Records for the task

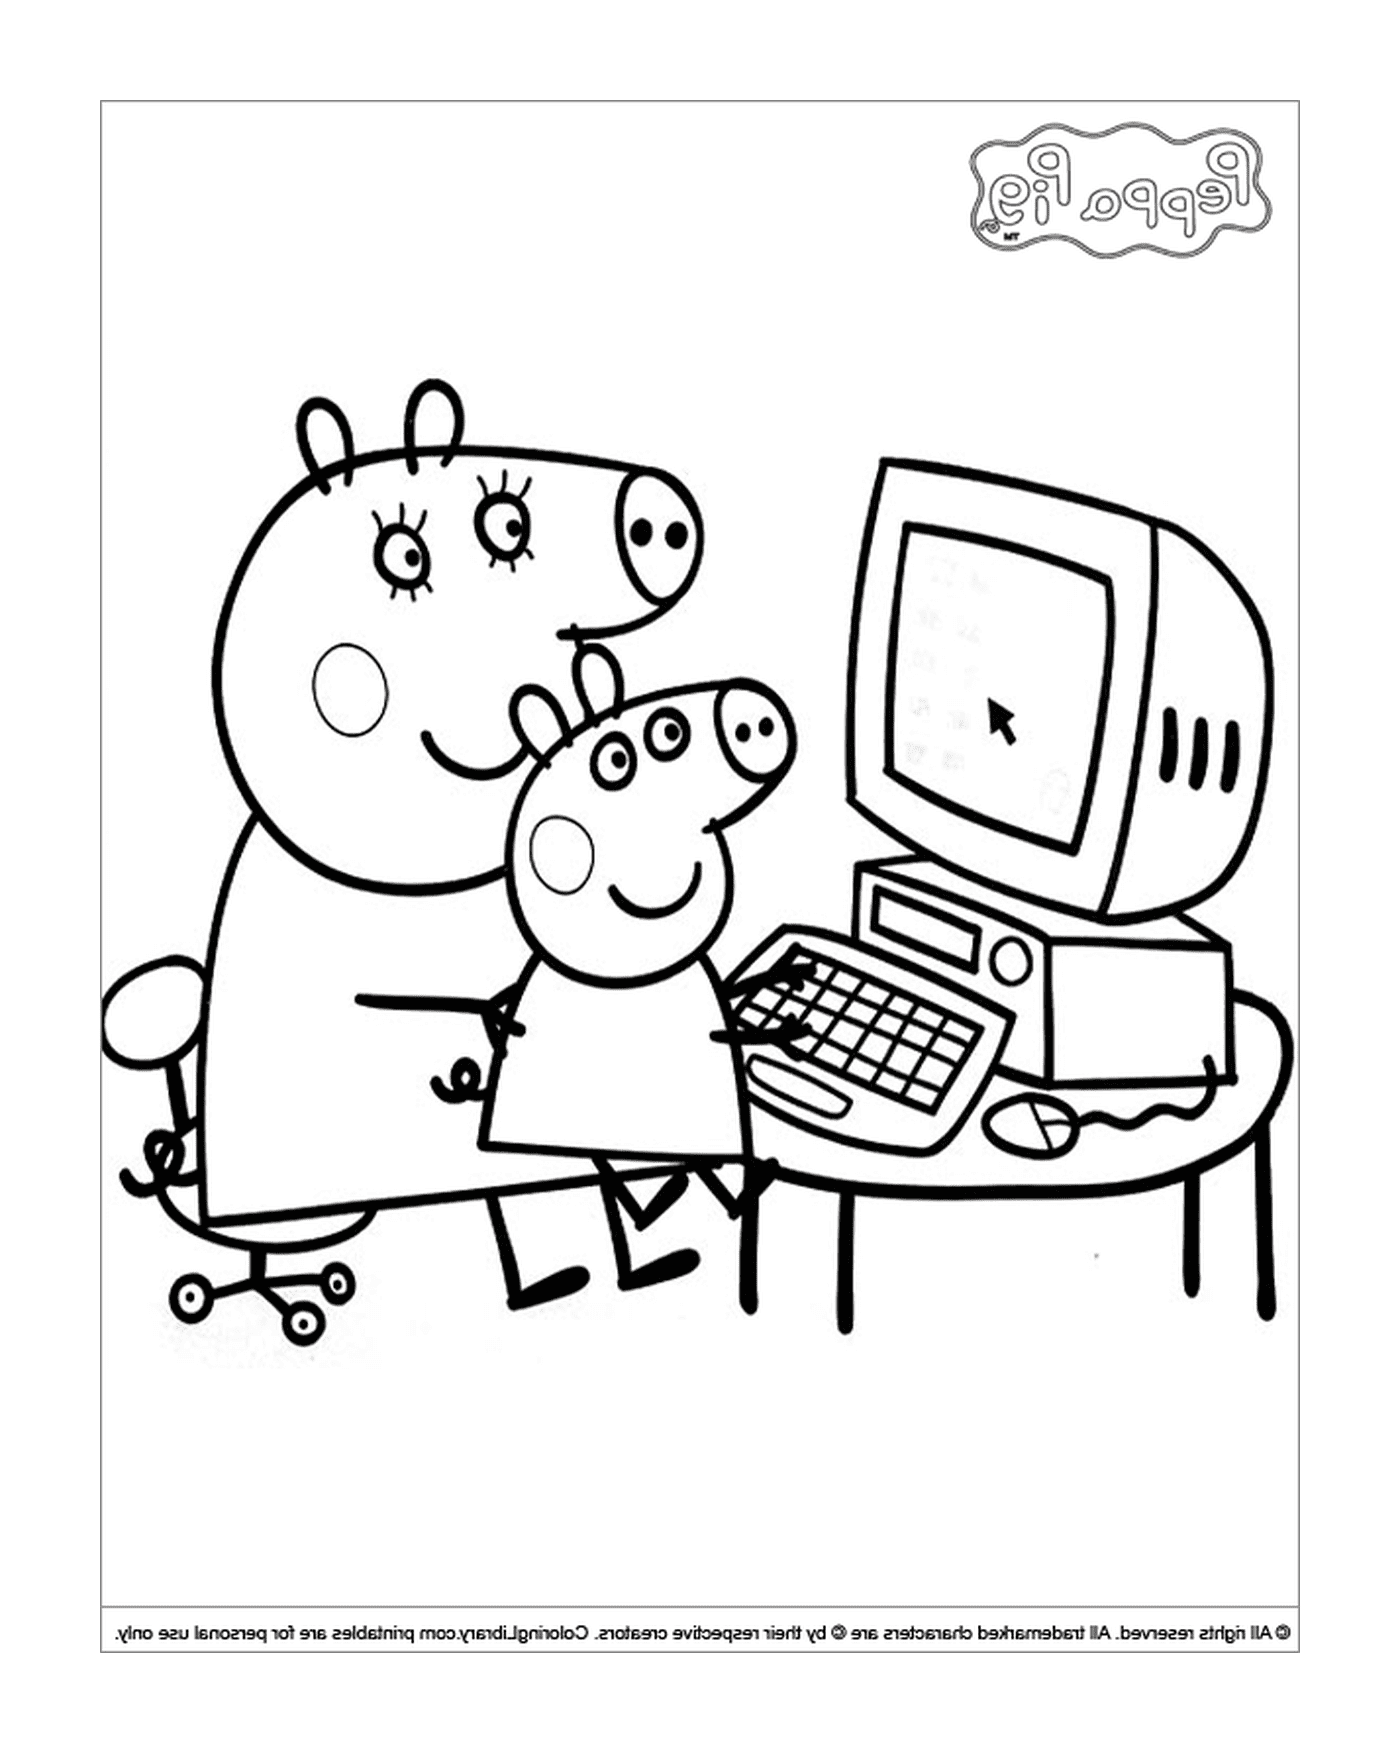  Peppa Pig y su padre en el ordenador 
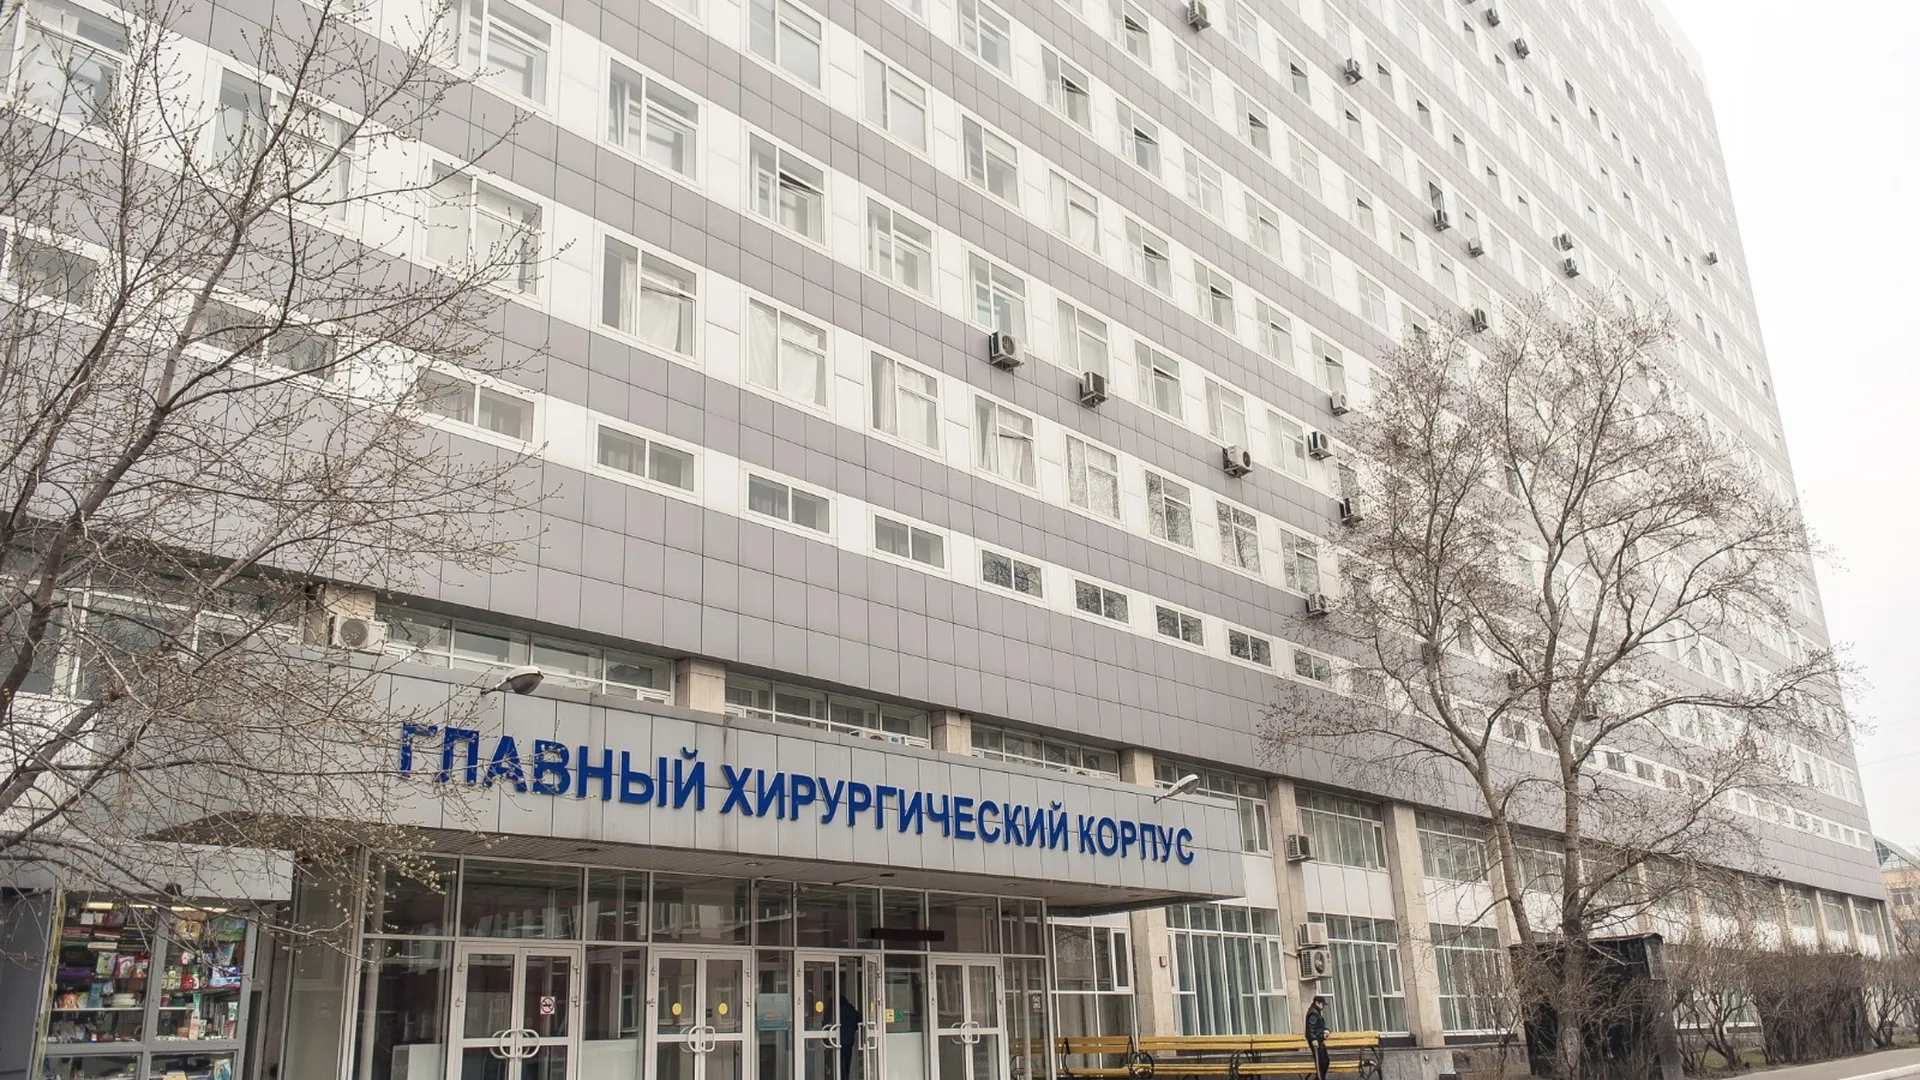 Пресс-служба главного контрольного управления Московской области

* * *

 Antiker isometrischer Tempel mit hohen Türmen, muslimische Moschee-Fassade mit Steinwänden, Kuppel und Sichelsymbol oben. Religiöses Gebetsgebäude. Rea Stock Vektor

Aim of the task
Range to copy from the listing above: the line containing "Peppa Pig y su padre en el ordenador" down to the line containing "Пресс-служба главного контрольного", both included. Reproduce it exactly, minus the pictures, and add nothing.

Answer space
  Peppa Pig y su padre en el ordenador 
 Пресс-служба главного контрольного управления Московской области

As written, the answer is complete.